As férias, para além do descanso e necessário afastamento físico das tarefas quotidianas, têm a grande vantagem de permitir colocar as leituras em dia.
Já por várias vezes abordei nestas crónicas a questão da RSE (Responsabilidade Social das Empresas).
Nos últimos anos vulgarizou-se a ideia de que as empresas devem participar em determinadas tarefas de carácter social, tendo esse aspecto entrado mesmo na gestão empresarial através da institucionalização dos patrocínios, da responsabilidade ambiental, etc.
No entanto, a abordagem da RSE deve ser muito mais profunda e mesmo ideológica do que mais um instrumento financeiro ao dispor da gestão.
A actual crise económica e financeira veio mostrar que todo o funcionamento da economia deve ser revisto à luz do posicionamento social das empresas.
É essa matéria que um artigo do Prof. Jeffrey Pfeffer aborda num artigo recente da HBR (Harvard Business Review), cuja leitura me suscitou estas linhas.
No período de grande crescimento económico generalizado após a 2ª Grande Guerra, os gestores das empresas tinham em consideração o papel social das mesmas.
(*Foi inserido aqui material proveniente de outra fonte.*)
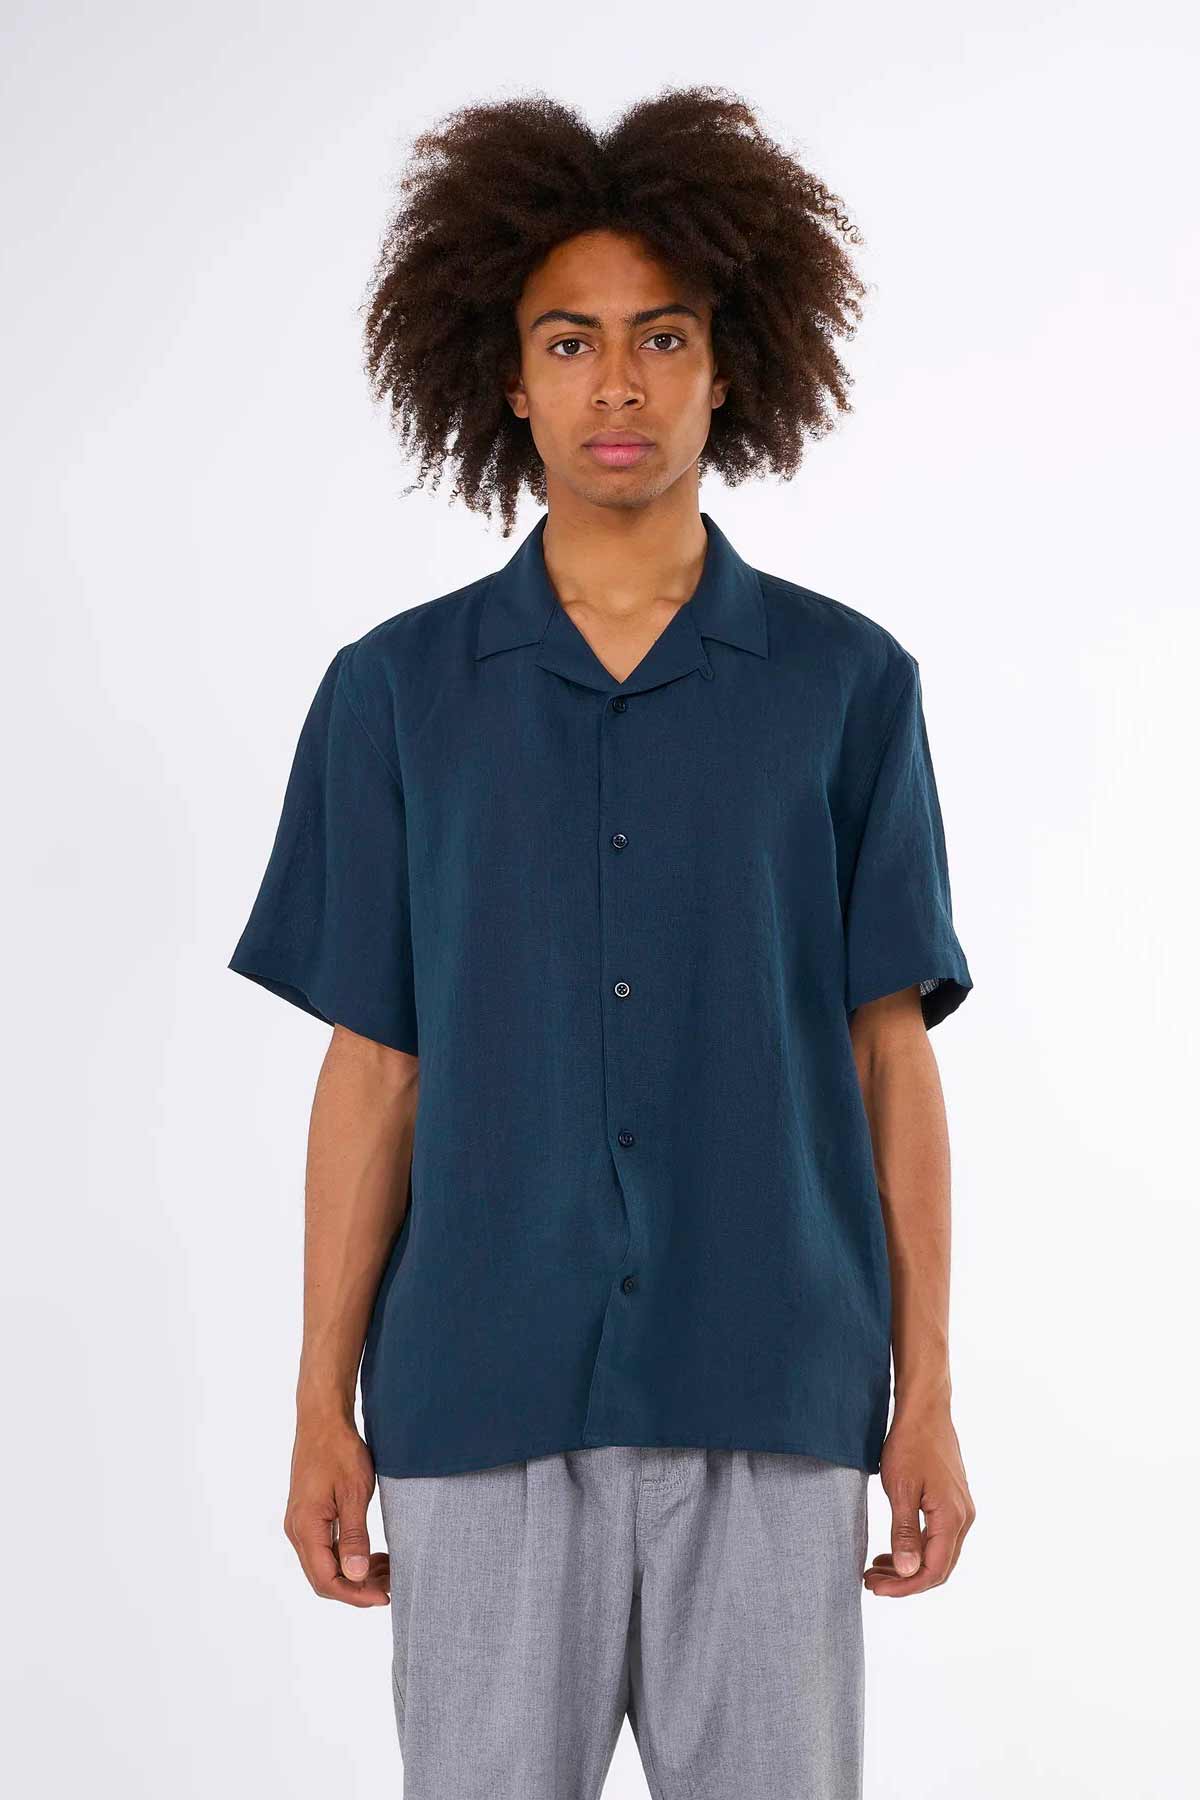 Chemise Box fit short sleeved linen - Knowledge Cotton Apparel

Significa isso que, para além dos accionistas que detinham o capital, muitos outros interesses eram tidos em linha de conta. A empresa era olhada como um elo de uma cadeia complexa que devia funcionar em conjunto para garantir um crescimento sustentado do conjunto da economia. Os gestores tinham em linha de conta os interesses a montante (os seus fornecedores), a juzante (os clientes) os seus próprios trabalhadores e a comunidade em geral. É o conjunto do que se costuma chamar “stakeholders”.
Nos anos 70, por diversas razões abordadas no artigo da HBR acima referido, foi-se tornando-se proeminente a defesa dos interesses dos “shareholders”, isto é, dos accionistas das empresas, à medida que se foi espalhando a crença ilimitada na eficiência e inteligência dos mercados.
Tudo passou a ser considerado como instrumento financeiro e, para além disso, acreditou-se que todas as decisões financeiras eram ditadas por critérios de racionalidade económica. Por exemplo, as casas deixaram de ser apenas o local onde vivemos, para passarem a ser opções de valores imobiliários futuros.
Claro que o facto de os gestores terem passado a defender apenas os interesses dos accionistas conduziu a um crescimento rápido dos lucros das empresas para distribuição imediata aos detentores do capital, com as consequências a que todos hoje infelizmente assistimos.
A mudança de perspectiva do capitalismo com algum regresso à consideração dos “stakeholders” em vez dos “shareholders” em exclusividade é, não só bem-vinda, como necessária.
Curiosamente, corresponde ao reconhecimento da validade das posições que a Igreja Católica tem vindo a defender há anos através daquilo que é conhecido como a Doutrina Social da Igreja.